Data supplied Start Marker
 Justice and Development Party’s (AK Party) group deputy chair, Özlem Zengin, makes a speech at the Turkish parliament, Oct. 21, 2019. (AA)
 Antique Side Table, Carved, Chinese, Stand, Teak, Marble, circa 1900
Data supplied End Marker
Data supplied Start Marker
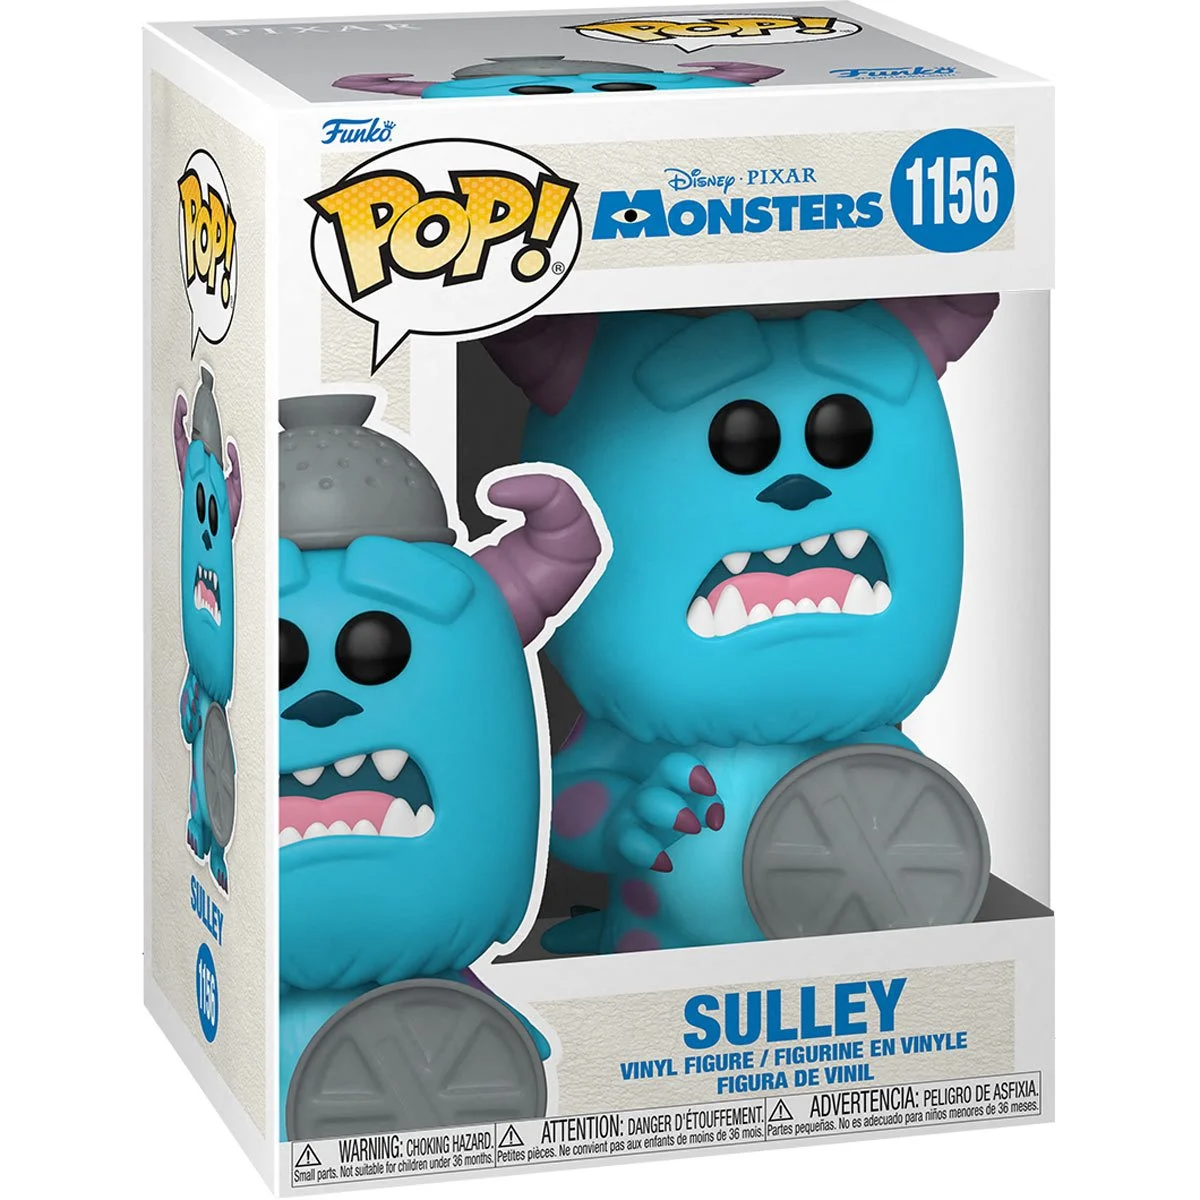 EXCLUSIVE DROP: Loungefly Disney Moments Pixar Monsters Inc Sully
Data supplied End Marker
Data supplied Start Marker
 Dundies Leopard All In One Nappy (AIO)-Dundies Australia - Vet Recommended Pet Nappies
Data supplied End Marker
Your goal: Of all the entries above, repeat only the lines from the line that has "Justice and Development" to the line that has "Antique Side Table, Carved, Chinese, Stand, Teak, Marble, circa", both lines included, exactly.

Response area:
 Justice and Development Party’s (AK Party) group deputy chair, Özlem Zengin, makes a speech at the Turkish parliament, Oct. 21, 2019. (AA)
 Antique Side Table, Carved, Chinese, Stand, Teak, Marble, circa 1900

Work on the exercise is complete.